Permohonan uji materi ini diajukan oleh Pengurus Besar Ikatan Dokter Indonesia (PB-IDI), Pengurus Besar Persatuan Dokter Gigi Indonesia (PB-PDGI) dan Konsil Kedokteran Indonesia (KKI). Pemohon mengajukan uji materi 16 pasal dalam UU tenaga kesehatan.
Dalam dalil permohonan para pemohon merasa dirugikan oleh berlakunya beberapa pasal dalam UU tenaga kesehatan. Menurut mereka telah terdapat kesalahan konsepsional dan paradigmatik mengenai tenaga medis dalam UU tenaga kesehatan dengan tenaga vokasi seperti teknisi gigi.

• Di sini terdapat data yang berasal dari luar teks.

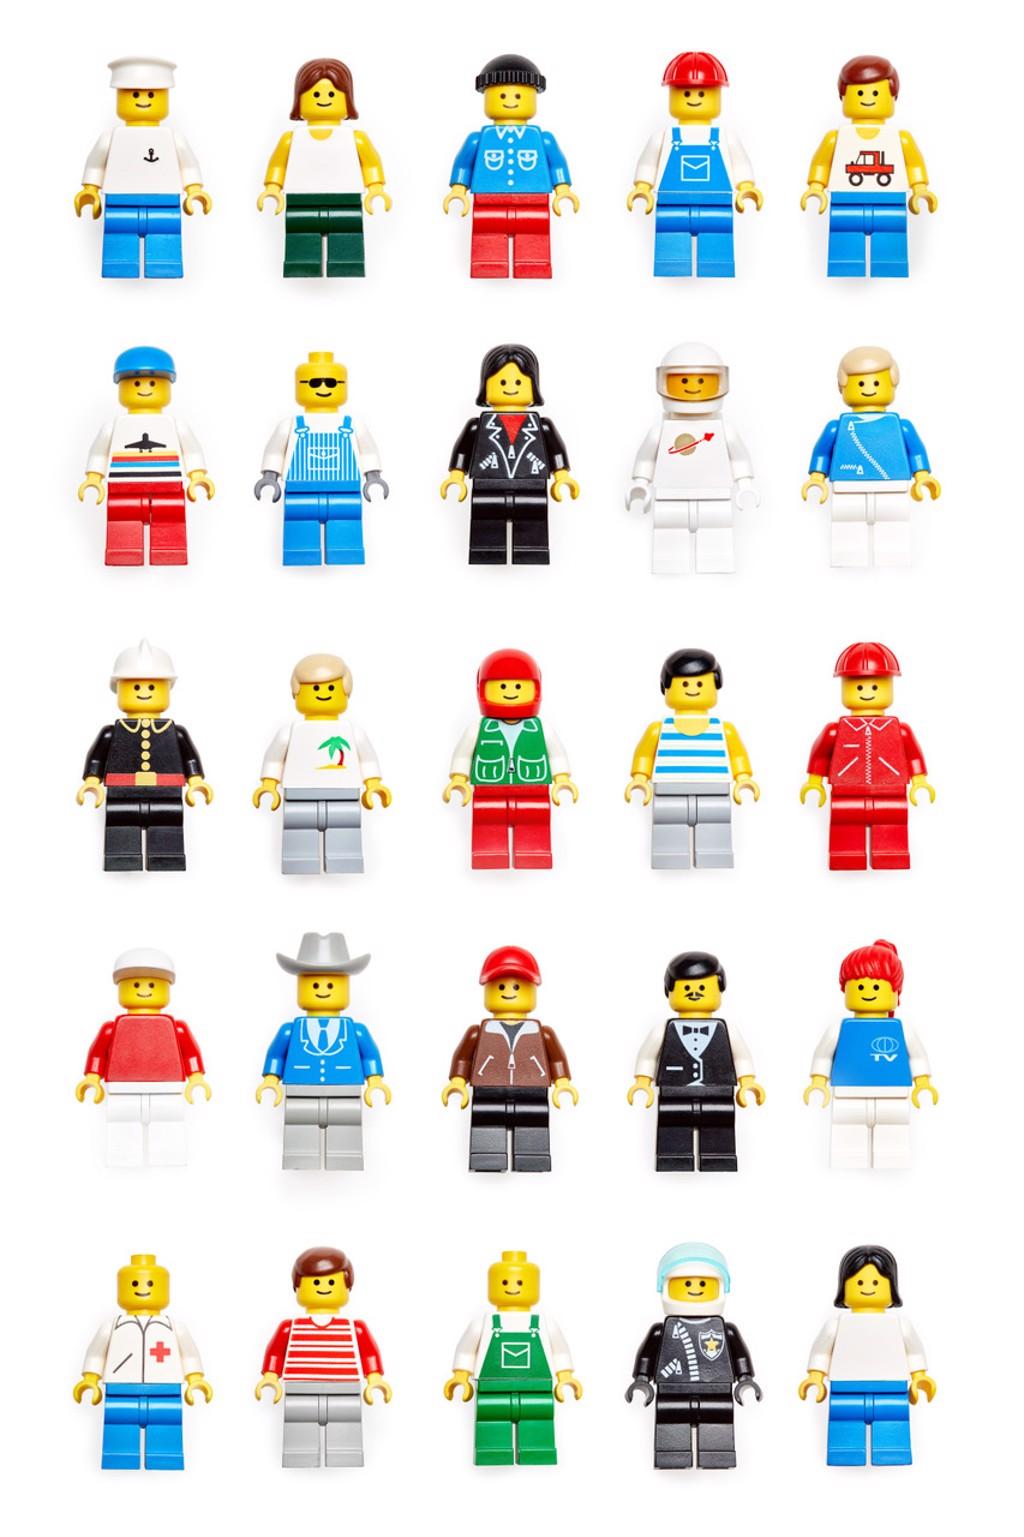 Peter Andrew Lusztyk Color Photograph - Lego People

SCROLL TO CONTINUE WITH CONTENT
Dalam pertimbangannya, majelis hakim konstitusi berpendapat bahwa dokter dan dokter gigi adalah profesi mandiri yang keputusan medisnya didasarkan pada kepentingan pasien dan kesehatan publik.Sehingga kedua profesi itu tidak mempunyai kekuatan hukum mengikat dalam UU tenaga kesehatan.
"Dokter dan dokter gigi dianggap sebagai tenaga medis profesional yang berbeda dengan tenaga vokasi lainnya yang termasuk dalam tenaga kesehatan. Sifat kemandirian dokter dan dokter gigi dalam mengambil keputusan hampir sama dengan profesi hakim. Keduanya menjunjung tinggi hati nurani sebagai instrumen penting mengambil keputusan," kata hakim konstitusi Arief.
Selain itu hakim berpandangan untuk menjaga sifat khas profesi dokter dan dokter gigi. Majelis hakim konstitusi menilai perlu dibentuk wadah independen sesuai hakikat dan profesi dokter gigi.
"Oleh karena itu, ketentuan yang mengatur tentang peleburan Konsil Kedokteran dan Konsil Kedokteran Gigi menjadi bagian Konsil Tenaga Kesehatan Indonesia (KTKI) mesti dipisah menjadi konsil kedokteran yang mandiri dan independen," ucapnya. (edo/rvk)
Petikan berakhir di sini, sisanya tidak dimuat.